# Army Painter Platemail primer and Leadbelcher



## falcoso (Apr 7, 2012)

Does anyone know whether the army Painter Platemail primer spray s similar to Leadbelcher because I was wondering about getting some to paint my iron warriors and necrons but won't bother if it is too light, from what I have seen it looks more like Ironbreaker, but if anyone has actually tried please can you tell me what it is like?


----------



## Silens (Dec 26, 2010)

It's quite light, but should look quite good after a liberal wash of Nuln Oil.

In fact.. I'll go do some comparisons for you now if I can find some models to paint.

I've only got Ironbreaker; thought I had Leadbelcher but apparently not

Here it is!

Left to right: Platemail Spray -> Platemail Spray + Nuln Oil -> Ironbreaker










The match is propping up one of them so you can see the detail on it's back.

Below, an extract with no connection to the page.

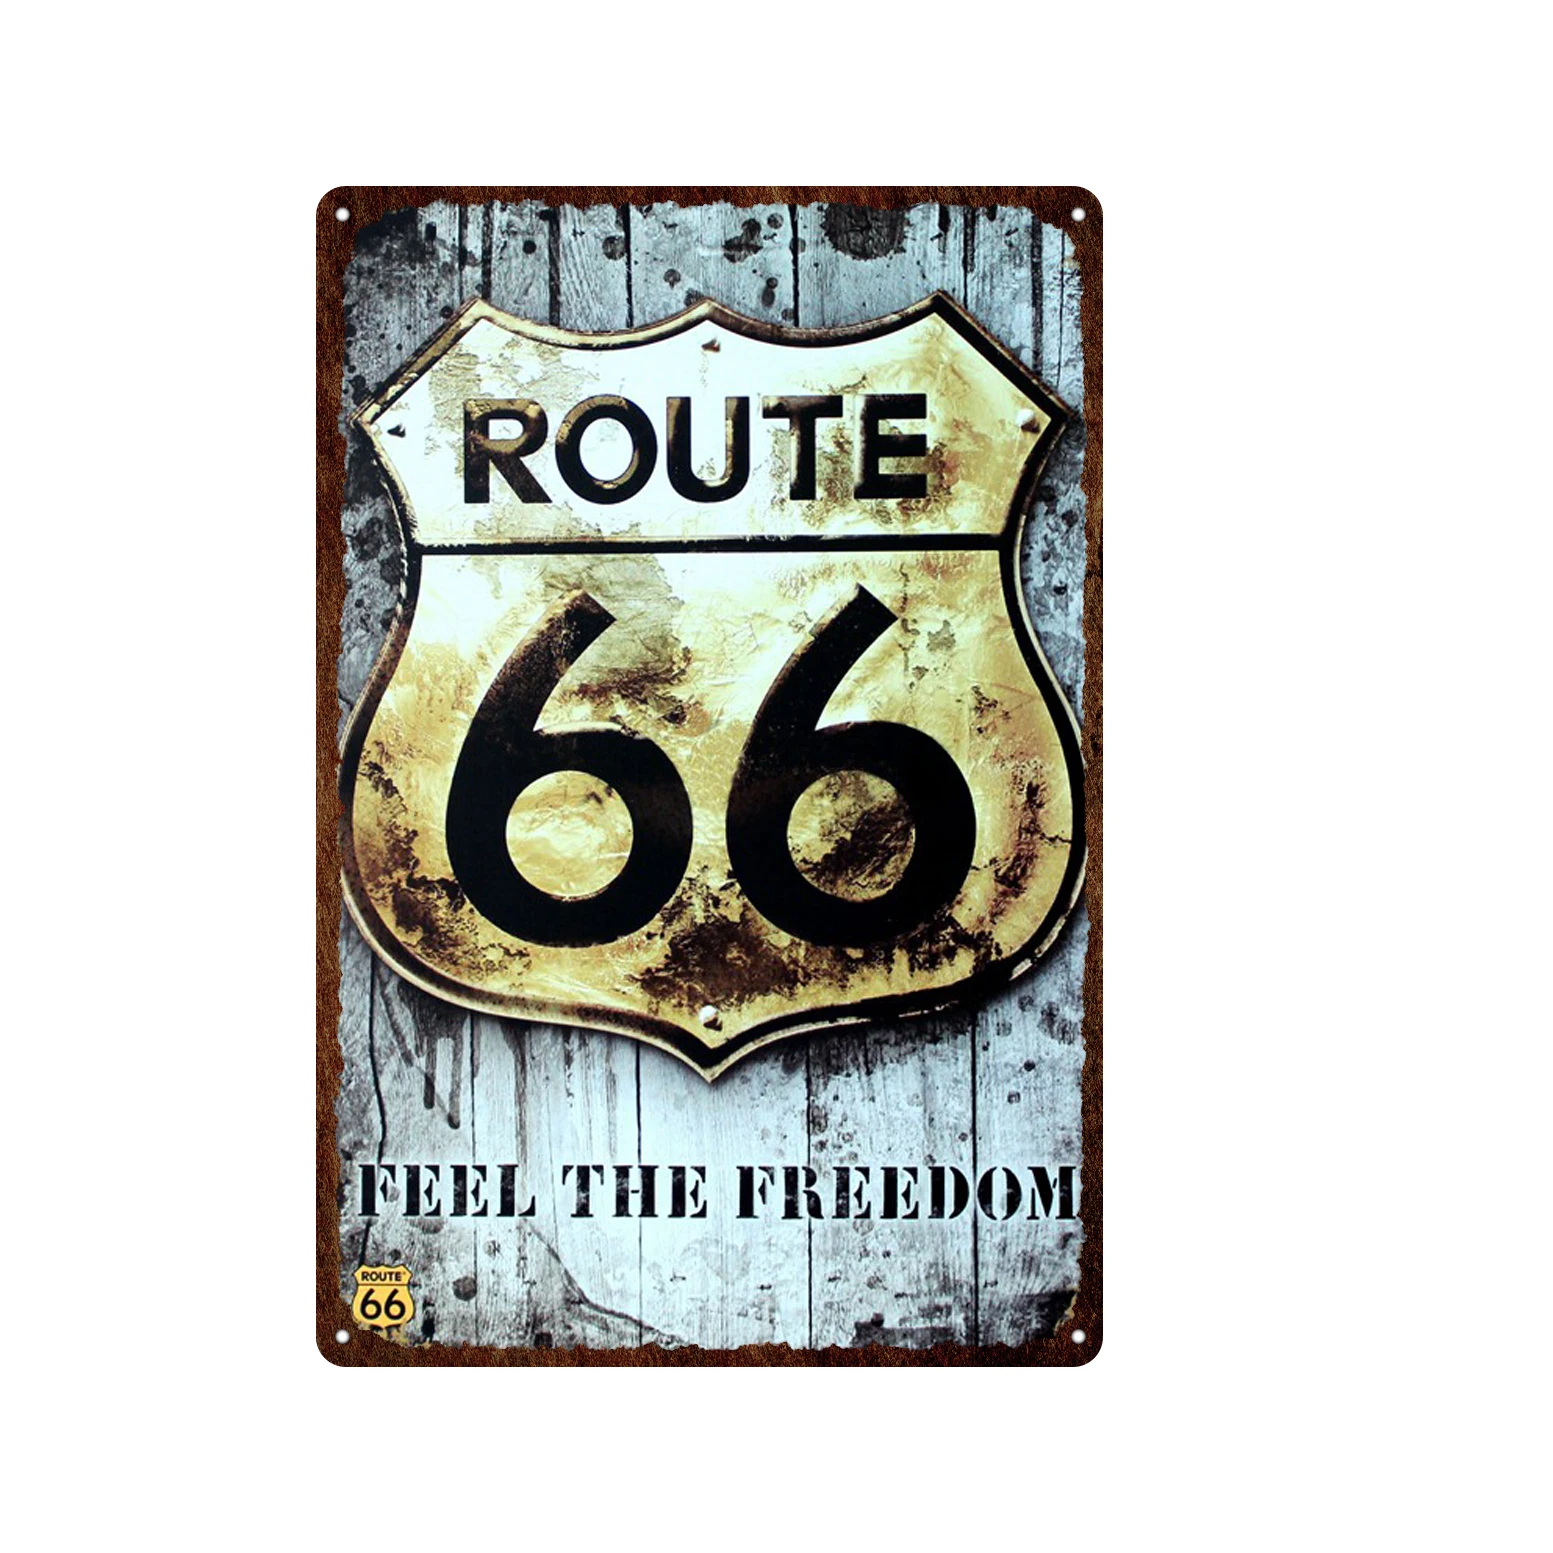 

American Route 66 Tin Sign Plate Feel The Freedom Plaque Metal Vintage Retro Tin Poster for Home Garage Racing Wall Decor
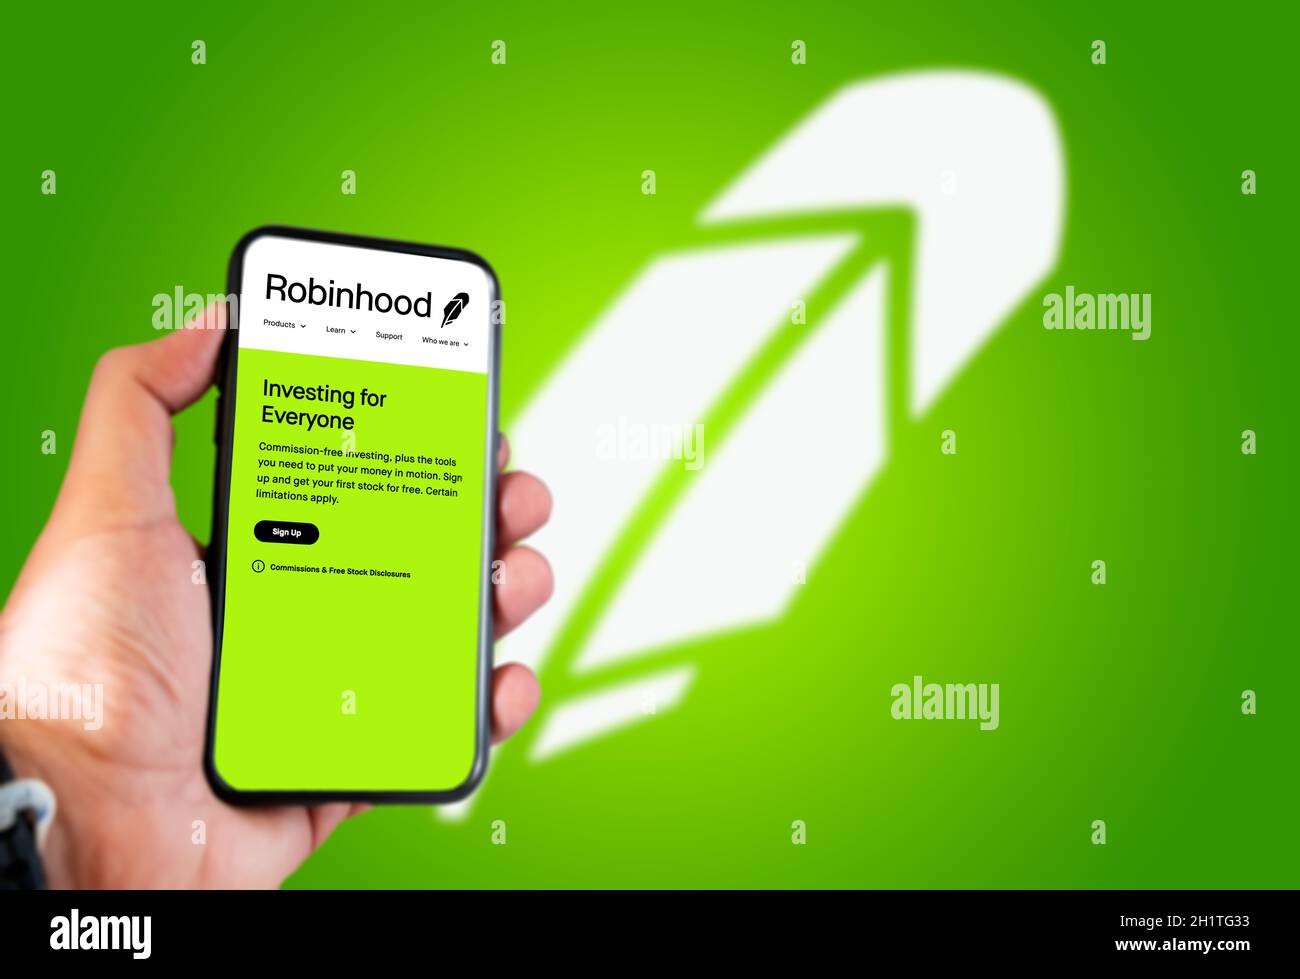 Menlo Park, CA, USA, April 2021: hand holds a smartphone with the Robinhood logo on the screen. Green background with blurred logo. Robinhood is a fin Stock Photo

I painted these very quickly so didn't get into all the recesses when using a brush with Ironbreaker.


----------



## falcoso (Apr 7, 2012)

Thanks, yeah that does look a bit too light for how I paint my necrons, thanks for the help


----------



## DanoNecrono (Apr 15, 2012)

Not to hijack your thread so apologies ahead of time but I didn't want to overload the forums with a similar question. 

Anyone know if the army painter alien purple matches well with the citadel xereus purple? Painting up a necron army myself with a slight purple theme and this would make life sooo much easier for larger vehicles.


----------



## falcoso (Apr 7, 2012)

Don't worry it's cool, for the looks of things I think it does look like it is close, but as we have seen here I though platemetal was like leadbelcher, I don't actually have it so can't do a comparison like Silens did.


----------